The performance of the SaS, SbS, PbS, and E-PbS is summarized below, based on the results obtained for the various benchmarks, as shown in Tables 3-5. From Table 3, we conclude that the SbS algorithm results in the smallest required processors to complete the task graphs. However, the SaS and SbS algorithms have more processors operating at 2.4 V (lowest operation voltage), and hence will have larger completeion times for the task graphs. Almost 90% of the processors operate at this voltage. On the other hand, the PbS and E-PbS algorithms have processors equally operating at all voltages (distributed almost uniformally). Table 4 shows the average processor power consumed by each algorithm (SaS = 208, SbS = 262, PbS = 351, E-PbS = 324), for each benchmark. The following conclusions are derived from Table 4: the SaS and SbS algorithms have lesser average processor power consumption (？25% less) compared to the PbS and E-PbS algorithms. Table 5 shows the processor utilization (SaS = 42%, SbS = 43%, PbS = 65%, E-PbS = 81%) achieved by the algorithms for the various benchmarks. In this case, the PbS and E-PbS algorithms outperform (？35%) the SaS and SbS algorithms. Typically, the SaS algorithm results in lower power consumption and higher completion times. This is evident by the large number of processors and tasks operating at 2.4 V (Table 3). Similarly, the SbS algorithm results in a smaller number of processors, and better completion times. The proposed PbS and EPbS algorithms results in higher processor utilizations, but with smaller completion times (Table 5). Hence, the PbS and E-PbS algorithms results in smaller energy consumption (average processor power × completion times (or utilization)), as shown in Fig. 5. In this section we provide a quick time complexity analysis of the various algoirthms implemented in this work. Let ‘n’ be the number of tasks, ‘m’ the number of processors, and ‘k’ the number of voltage levels of the processors. Also, for the PbS and E-PbS scheduling algorithms, let ‘Δt’ be the fixed time interval for which the probability distibutions are determined. Given the above variables, the worst case complexity of the SaS and SbS algorithms can be derived as O(knlog₂n) and O(knm), respectively. Similarly, the complexity of the PbS and E-PbS algorithms can be determined as O(Δtn³) and O(Δtk²n³), respectively.
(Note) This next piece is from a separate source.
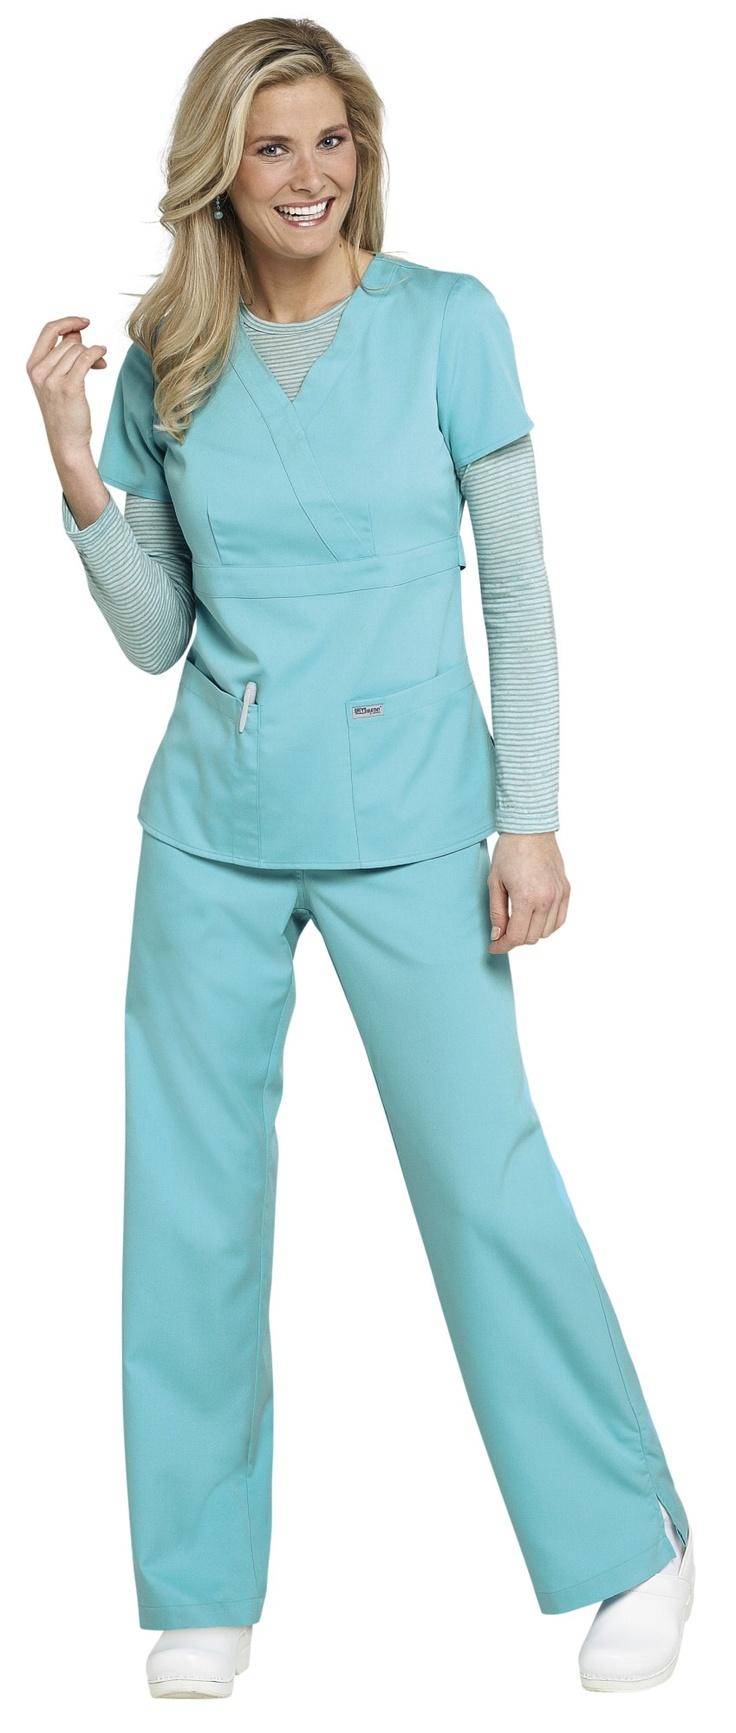 Grey anatomy scrubs coupon

Scheduling of applications or task graphs in multiprocessor or multicore systems is an important research question that needs to be addressed, in light of today’s emerging embedded system demands. It is often necessary to develop scheduling and task mapping algorithms that optimize processor utilization and processor power consumption. This work proposes an integrated scheduling and mapping algorithm, called PbS, that optimizes the above requirements. The proposed PbS algorithm, and its variation, called E-PbS algorithm, are based on the force directed scheduling algorithm used in high-level synthesis of digital circuits. The algorithms were implemented and tested with synthetic and real application task graphs (benchmarks). The proposed algorithms are compared with traditional scheduling approaches like FCFS (SaS) and EDF (SbS). The SaS and SbS algorithms also implement an explicit mapping, or voltage scaling algorithms, after and before scheduling, respectively. The algorithms are compared for processor utilization, average power consumed per processor, and the number of processors required to implement the given set of task graphs. Based on the results discussed in Section VI, we can conclude that the PbS and E-PbS algorithms provide better processor utilization and lower energy consumption, compared to the SaS and SbS algorithms.